LISTED ENTRIES
=====

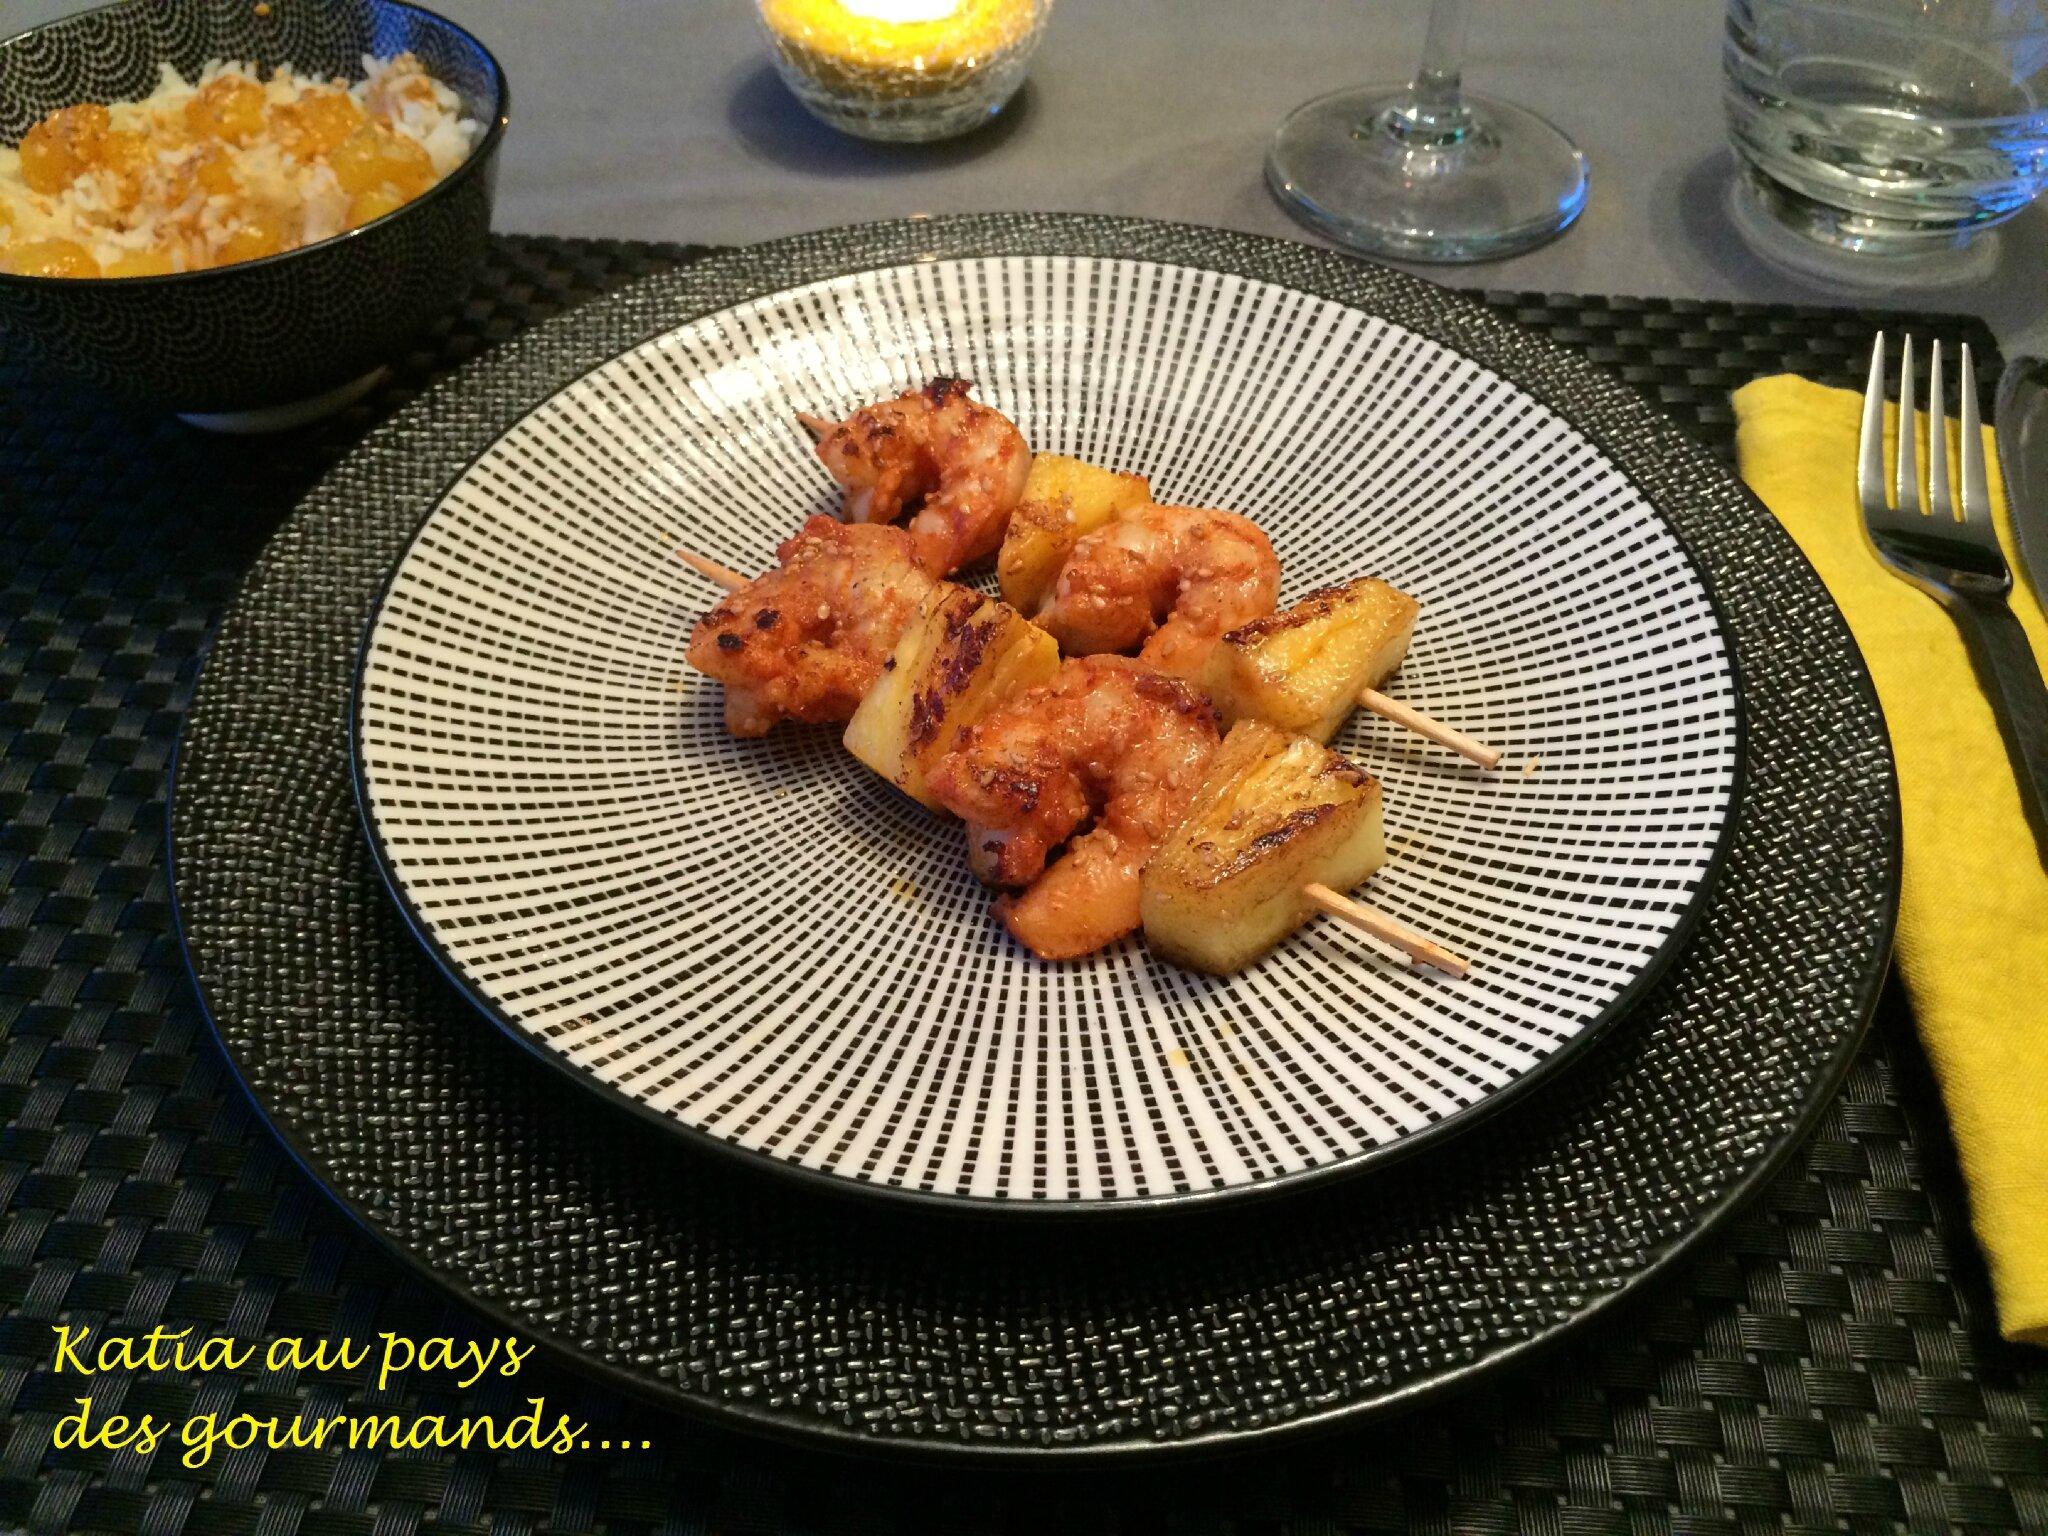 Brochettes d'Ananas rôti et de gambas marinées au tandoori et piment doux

=====

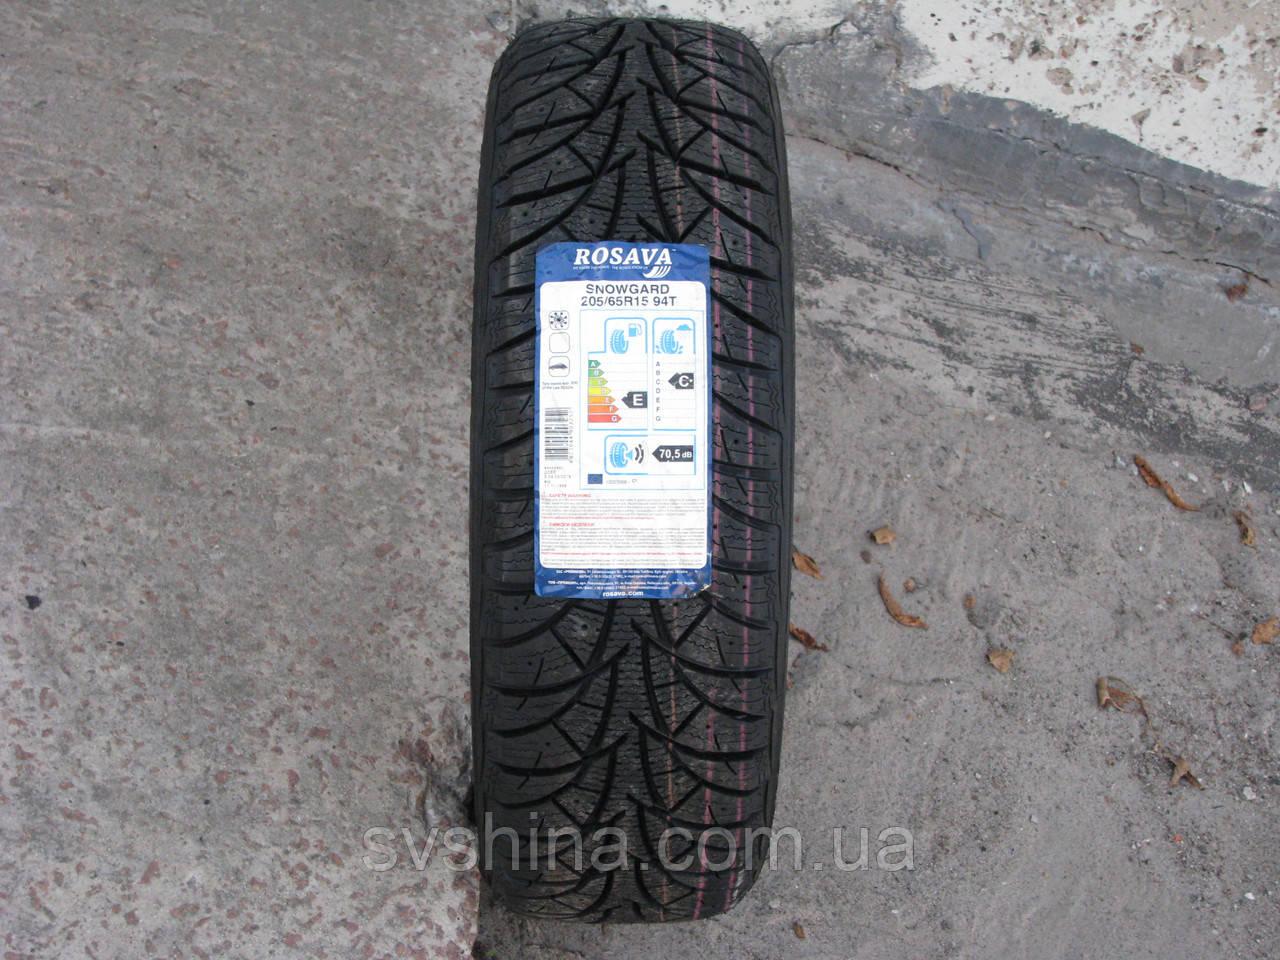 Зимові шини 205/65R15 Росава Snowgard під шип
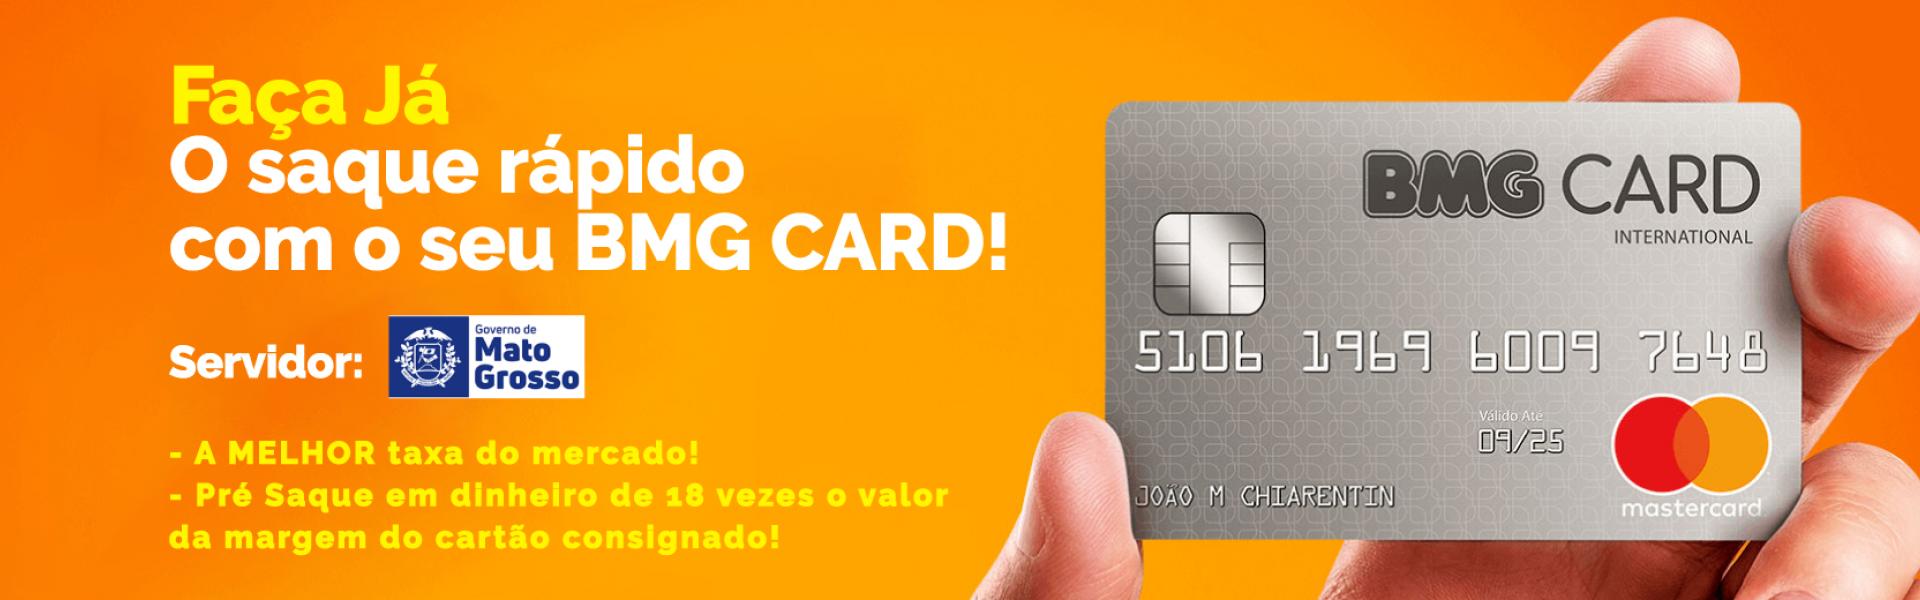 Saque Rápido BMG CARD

=====

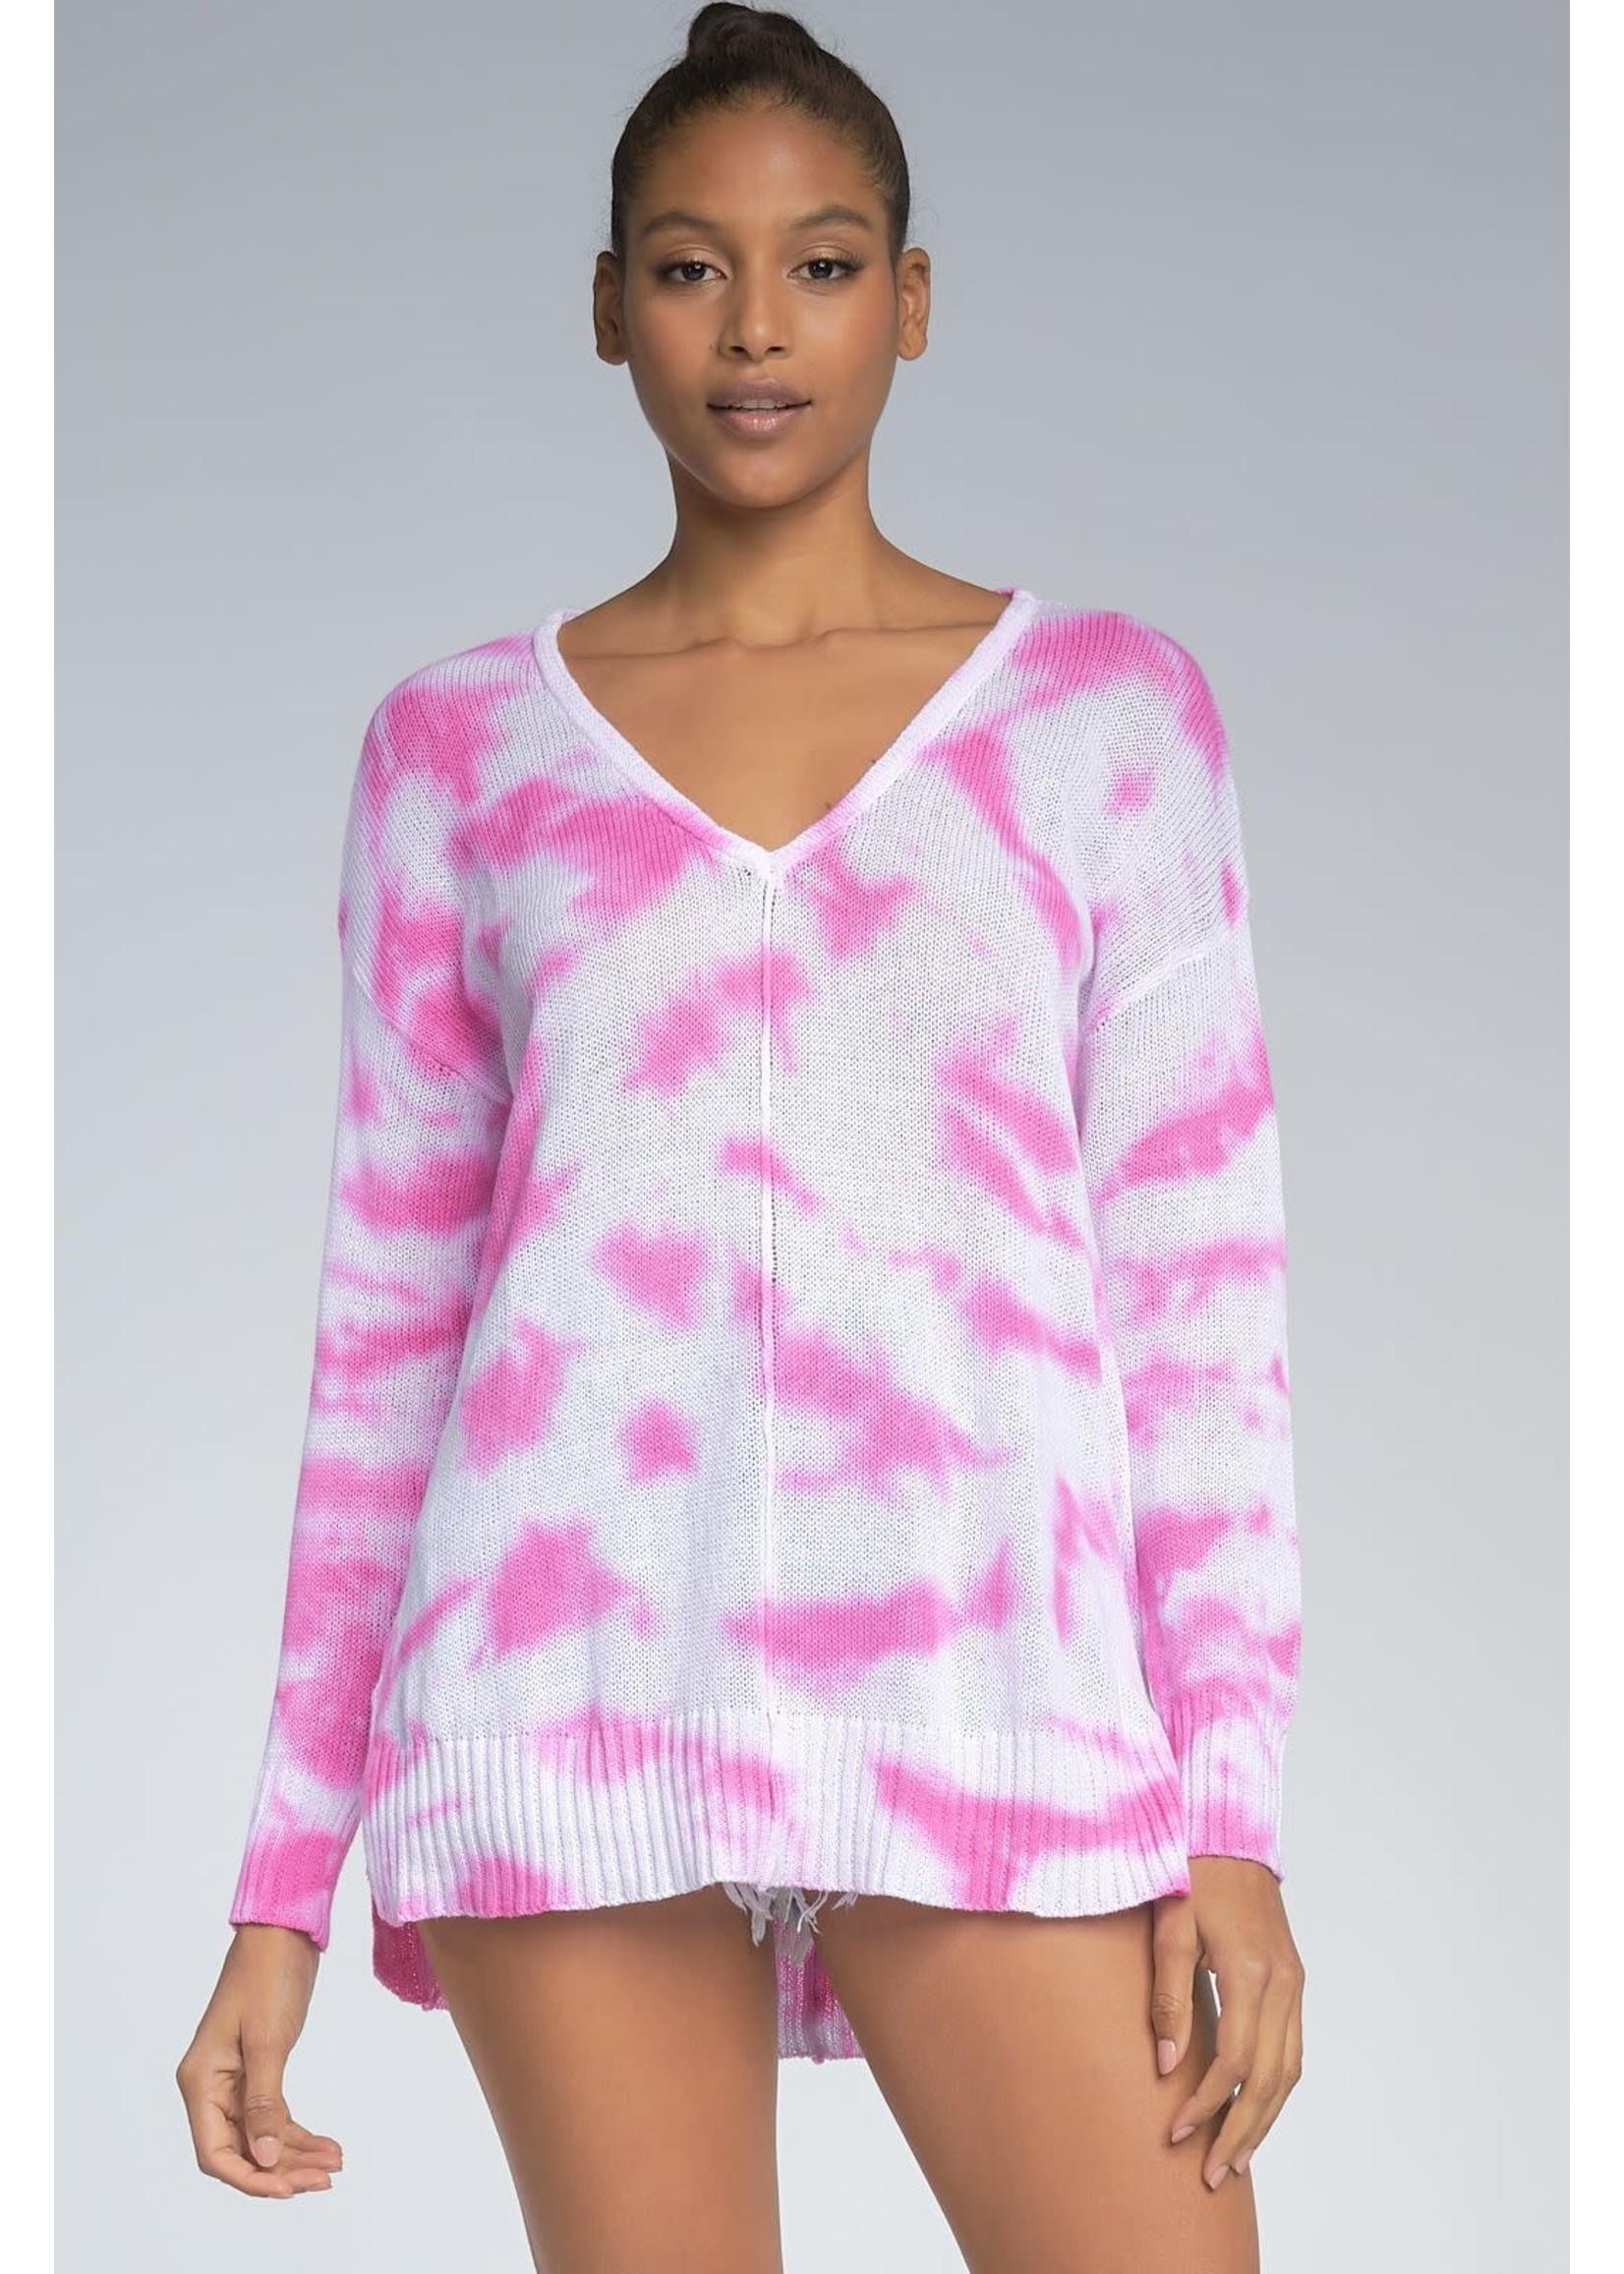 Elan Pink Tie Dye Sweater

=====

TASK PROMPT
Using the data above, return the lines from the one holding "Зимові шини 205/65R15" through the one holding "Saque Rápido BMG CARD" exactly, but not the pictures.

ANSWER TO THIS TASK
 Зимові шини 205/65R15 Росава Snowgard під шип
 Saque Rápido BMG CARD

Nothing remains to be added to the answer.